As noted earlier in the rebuttal, the algorithm demonstrates strong performance across a wide range of periods, and it is not necessary to fine-tune the period precisely. We would emphasize these facts more in the revision.
W2: Sure, we appreciate your suggestion. We will add a remark noting the open problem of achieving the minimax regret.
W3: To address this comment, we cite the relevant part from Appendix E:
...our current analysis relies on the property that estimation errors of diminish when the optimal arm is selected frequently. This property becomes less straightforward to guarantee when the optimal arm itself is random or time-varying. Notably, pointwise guarantees for linear regression with random design require additional distributional assumptions [Hsu et al., 2012], suggesting that bounding the estimation error of a random optimal arm without assumptions may be infeasible.

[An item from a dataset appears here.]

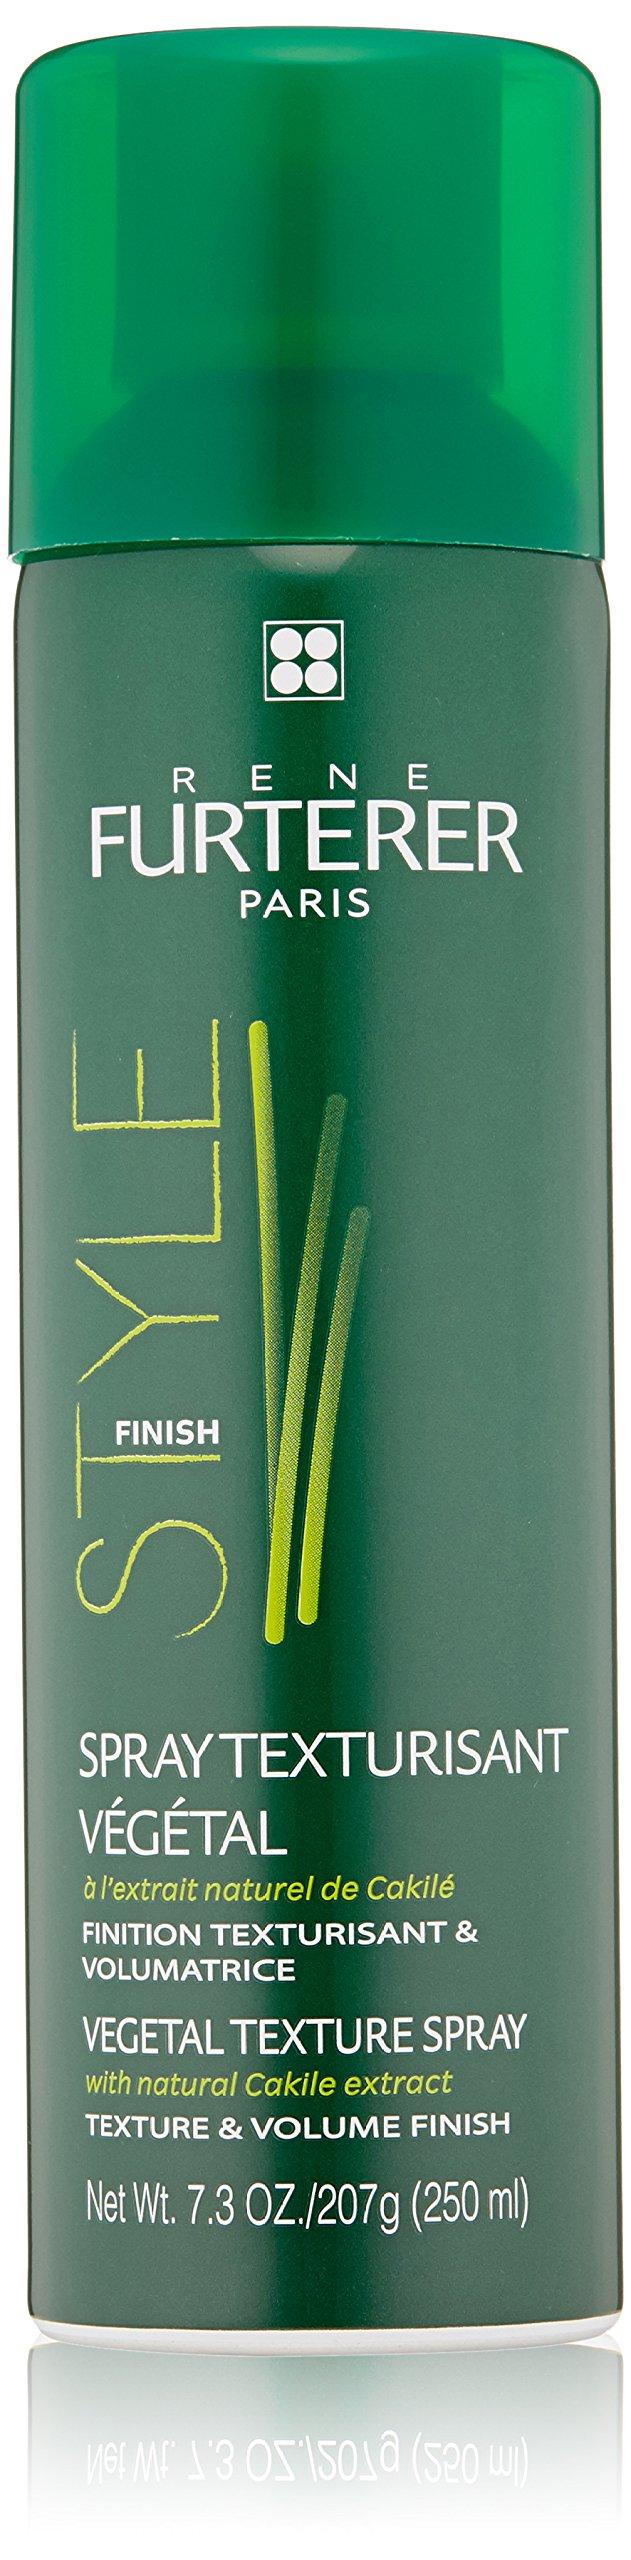 Rene Furterer STYLE Vegetal Texture Spray, Dry Styling Texture Spray, Volume & Shine, 7.3 oz. by Rene Furterer

In short, we require a guarantee that the estimation error on the optimal arm decreases as the agent selects it more frequently. When the optimal arm is random, this property becomes more difficult to ensure, requiring additional assumptions even in the simpler linear regression setting (non-bandit setting).
Once again, we thank the reviewer for the positive evaluation and for engaging in the discussion.
Given the simplicity and practicality of our algorithmic framework, the strength of our theoretical guarantees, the originality of several technical contributions, the clear empirical evidence we provide, and more importantly, their practical implications, we sincerely believe our work represents a well-rounded and meaningful contribution to the literature. We respectfully hope that the significance and potential impact of our results are fully recognized, and we believe the paper merits a stronger recommendation than a borderline accept.
Thank you for the detailed response that address my questions. I do not have any further inquiry. I look forward to seeing these improvements and discussions incorporated into the final version.
The paper studies the problem of infrequent exploration in linear bandits. Specifically, the authors analyze whether infrequent exploration can achieve near-optimal regret while reducing both exploration costs and computational burden. They propose a new general algorithm, INFEX, which takes a base algorithm as input and determines a schedule for when the algorithm should explore versus commit. The authors derive regret upper bounds for INFEX, showing that these match the bounds obtained by fully adaptive algorithms. Numerical experiments further support the theoretical findings.
The paper’s contributions were unanimously acknowledged, and reviewers particularly appreciated the generality and elegance of the results. A few interesting points were raised during the rebuttal phase that should be incorporated into the camera-ready version of the paper—most notably, the discussions with reviewers 386q and yhSE.